Романов молчал, обнимал это маленькое хрупкое тельце, что прижималось к нему так доверчиво.
– Твоя мама была очень храброй, Феликс.
– Да. Смотри, это вот бэтсканер, а это бэтрадар. – Феликс отстранился, не выскальзывая из его рук, и продемонстрировал Романову фигурку игрушечного Бэтмена.
– Твой новый приятель?
– Он в маске. Но я знаю, кто это. – Феликс очень серьезно смотрел на Романова. – Я все помню, что было там. Я не забыл.
– Ты тоже очень храбрый. Мама бы тобой гордилась.
– Забери меня отсюда, – тихо сказал пятилетний Феликс.
Воспитательница повернулась к ним.
– Я хочу быть с тобой. – Мальчик прошептал это. Но она услышала. – Я хочу быть с тобой всегда. Мне никто не нужен, кроме тебя.
Глава 2
Puttin on the Ritz
Золотой Берег. Западная Африка
Май. 1932 год
Барабаны в лесу. Барабаны во тьме. Там – там – бум – бум – бум! Доктор Сергей Мещерский услышал их сквозь сон и приказал себе проснуться. Но это было проблематично.
Бум-бум-бум! Тара-бум! Барабаны глухо рокотали в ночи в лесной чаще дождевого леса, что обступала их со всех сторон.
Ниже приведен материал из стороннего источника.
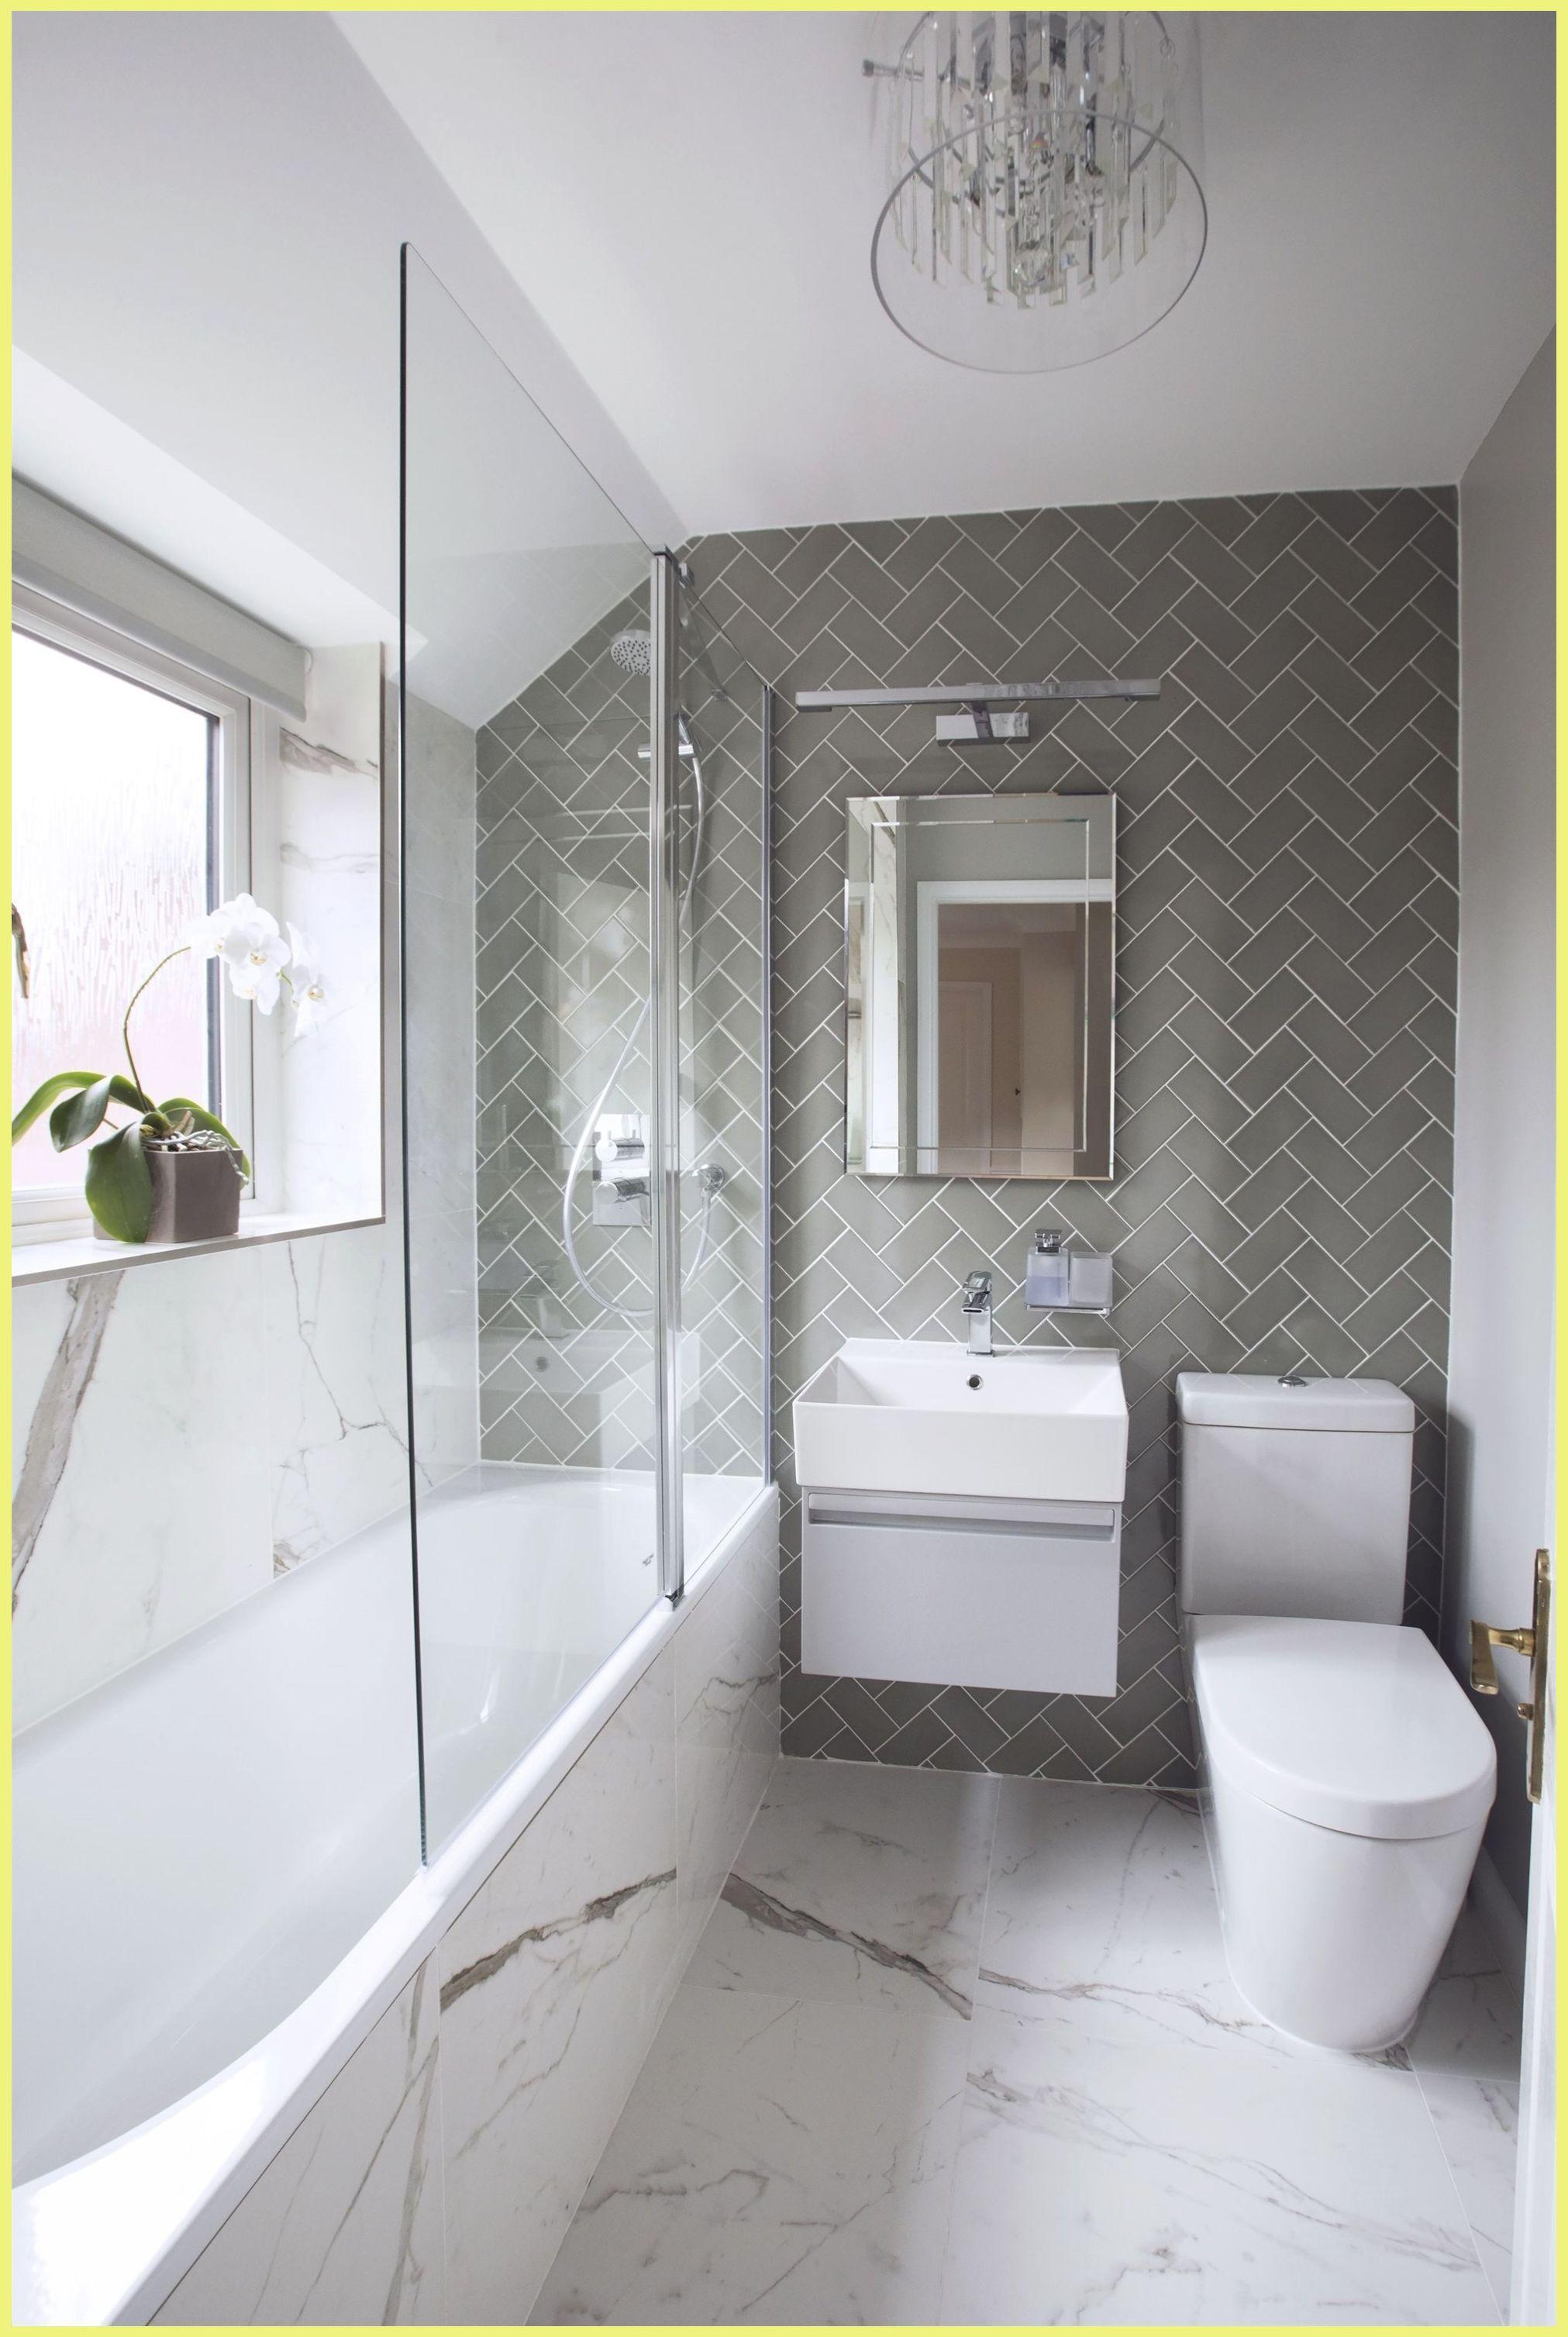 26 Gray Bathroom Ideas Worthy Of Your Experiments Small Bathroom Ideas With Tub Renovati Bathroom Layout Small Bathroom Small Bathroom Remodel

Где-то в джунглях зрели гроздья гнева, и они все стали бы полными идиотами, если бы сорвали те гроздья, как тропический плод. Ну уж нет! А может, это только сон? Призрачная иллюзия?
– Серж Серже! Просыпаться! Вставать! Они приходить! Это не ашанти! Это люди леса!
Над ухом гудел густой бас. Сергей Мещерский открыл глаза и увидел Ахилла. Голый по пояс, без фельдшерского халата тот казался вырезанным из эбенового дерева великаном. Когда они только познакомились – доктор и фельдшер, Сергей Мещерский сразу же отринул обращение «мбвана» со стороны Ахилла: оно резало слух русского человека своей допотопной колониальностью. Он попросил Ахилла называть его на русский лад – по имени-отчеству. Так ведь зовут докторов в дражайшем Отечестве, откуда их с матерью выперли. Но имярек Сергей Сергеевич превратилось в устах старательного Ахилла в такое вот «Серж Серже». И Мещерский охотно откликался.
– Это не ашанти! – рокотал Ахилл. – Ашанти ссссс! Уходить, бежать! Они сами боятся. Это другие. Это люди леса!
Мещерский сел на походной кровати. Сколько же они выпили с Бенни вечером? Все так славно начиналось. В полевом госпитале никто не умирал вот уже пять дней, и они думали, что сволочная лихорадка и не менее сволочная дизентерия отступили. И Бенни решил наконец-то отметить свой тридцать третий день рождения, празднование которого все откладывал из-за запарки на лесозаготовках и эпидемии, разразившейся среди рабочих и администрации. Они пили вечером бренди. И Бенни горланил старинную английскую песенку «Вниз к мертвецам». Хрипловатый баритон его был пиратским, отчаянным. Бездна обаяния и дерзости…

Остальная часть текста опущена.